Johnson: I’m not to blame

Times wires

CONCORD, N.C. – There’s a theory that Jimmie Johnson is to blame
for what ails
NASCAR.

Falling television ratings are because the four-time defending
Sprint Cup champion kills the suspense by winning all the time.
Attendance at races is down because Johnson is boring and lacks the
strong personality of colorful drivers from the past.

Johnson doesn’t buy it.

“Well, I know that I’m not the reason for those things, and I
sure as hell know I’m not vanilla,” Johnson said.

He entered Saturday night’s race at Charlotte in a familiar
position: leading in the Chase for the Championship standings. He’s
won the title every year since 2006.

“We need more drama in our sport,” Charlotte Motor Speedway
owner Bruton Smith said Saturday. “I was joking it would be great
if Jimmie came out of the car and slapped somebody. That would be
drama.”

It’s not Johnson’s style, but he insists he’s a lot different
from the young driver who started in
NASCAR’s lower series.

“I went from being like a C-level driver in Nationwide and
through all the other things in my career, to drive for Hendrick
Motorsports to having success early,” Johnson said. “At the end of
the day, I want to be a professional and do my job. And some people
formed opinions then, and it’s unfortunate that if it still lingers
around because I think I’ve done plenty to show that I’m far from
vanilla.”

But you’ll rarely see Johnson mix it up on the track, call out
drivers or
NASCAR officials, or make
provocative comments. And his dominance comes as
NASCAR is concerned about falling
ratings and attendance.

“We don’t know why. And it’s not just our sport; it’s all
sports, and it’s all television,” Johnson said. “It’s not me, and I
know that. So I just kind of chuckle about it, and if people want
to spend time talking about it, they can.”

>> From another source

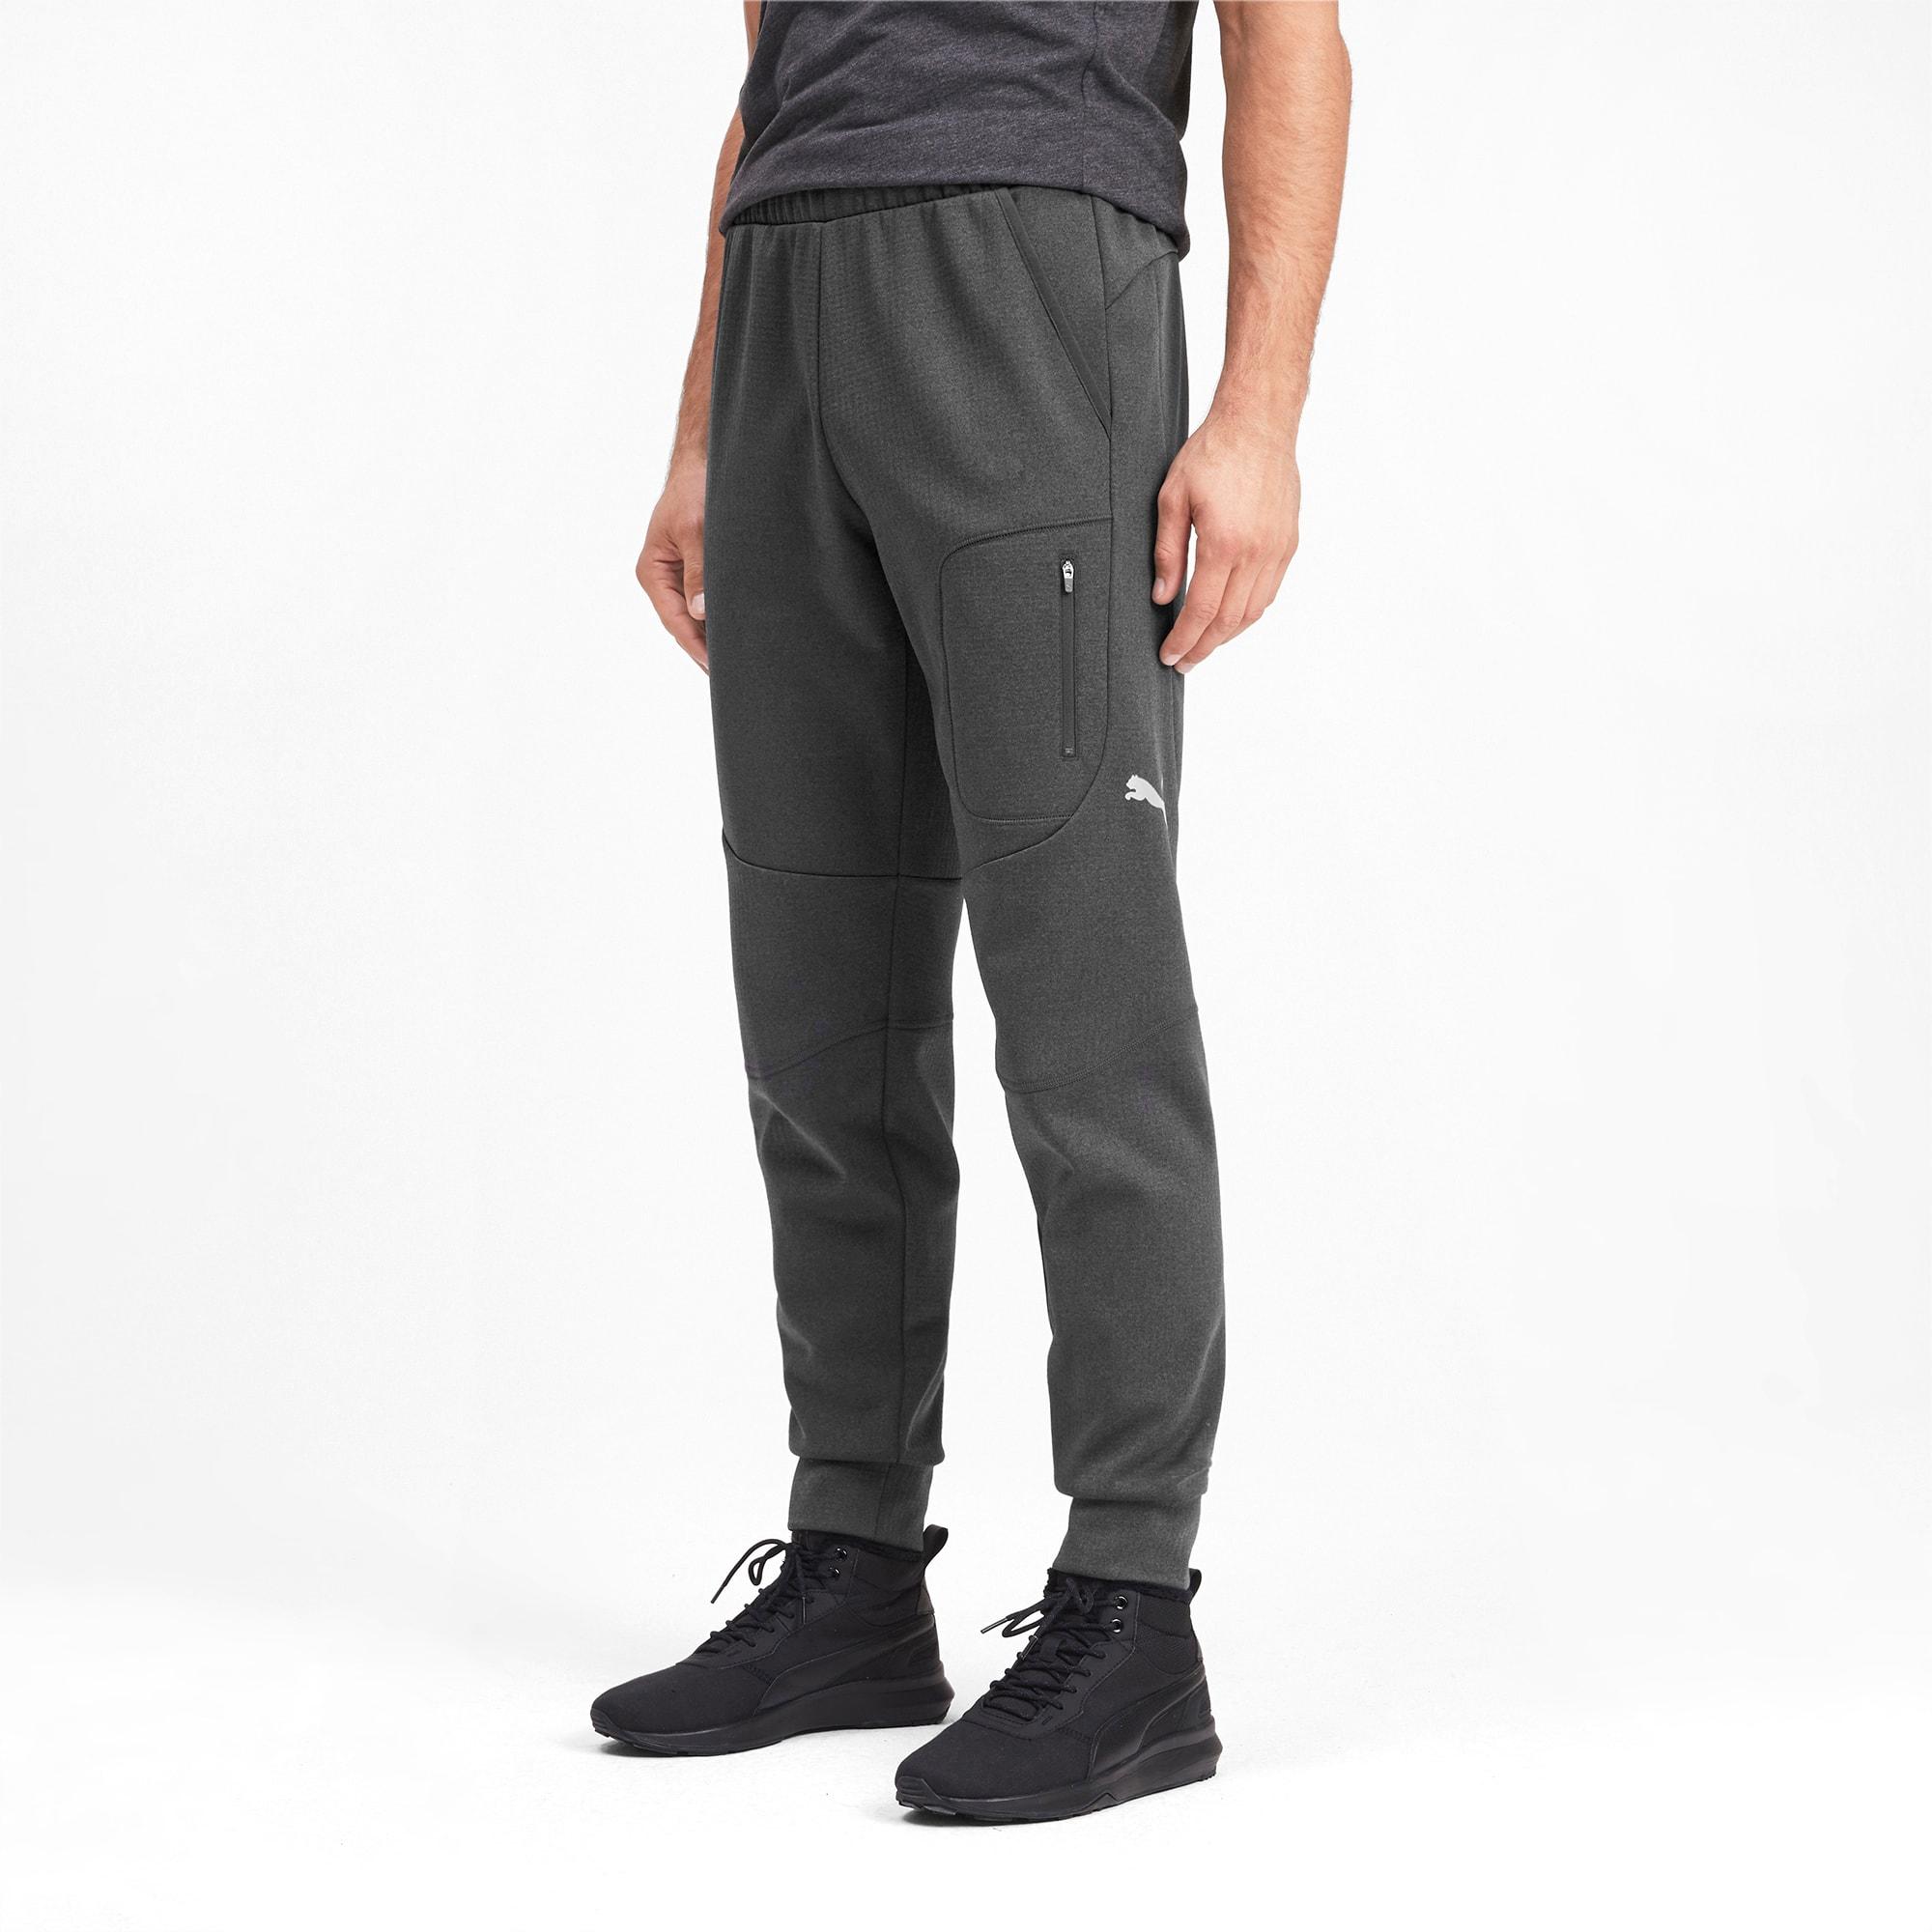 PUMA Evostripe Warm Men/'s Pants Men Knitted Pants Basics

Talladega shots: The trip to Talladega in two weeks could be
critical in the championship race, perhaps the last chance for Carl
Edwards to get into contention.

That’s tough to accept for Edwards, who is no fan of the
restrictor-plate races.

“Points should not be awarded at Talladega,” Edwards said. “In a
fair competition they shouldn’t be because it’s so random. It’s
just a treacherous race.”

Edwards was involved in a last-lap crash last year in which his
car went airborne and nearly cleared the safety fence. He escaped
uninjured, but it was a reminder of the dangers of wrecks at those
speeds with cars bunched up because of the restrictor plates.

“It’s such an emotional roller-coaster throughout the day, and
it’s just not fun when it goes like that,” Edwards said.

But sitting seventh in the standings, Edwards acknowledged that
a strong finish at Talladega and a wreck that takes out Johnson or
others could change the dynamic of the Chase.

“Man, I have a love-hate relationship with that place,” Edwards
said.

Going greener:
NASCAR will move from unleaded fuel
to an ethanol blend in all three of its national series beginning
next season.
NASCAR chairman Brian France touted
the switch to Sunoco Green E15 as another step by the auto racing
series toward environment-friendly practices.

“This is the most visible thing that we can do to let our
partners and our fans know that
NASCAR is taking a slow, steady
march as an industry,” France said.

The E15 blend is a mixture of 15 percent ethanol and 85 percent
gasoline. It is a clean-burning, high-octane motor fuel, and the
ethanol portion is produced from renewable resources that Sunoco
will get from the Midwest. The blend will replace Sunoco 260
GTX.

Dueling the NFL: Track owner Bruton Smith says
NASCAR should push start times for
Sunday races back an hour to 2 p.m. to better compete against the
NFL. “If people want to tune in and watch football – and every game
seems to be about the same – by 2 o’clock maybe they’re tired of it
and then they’ll come over and watch a real sport,” he said.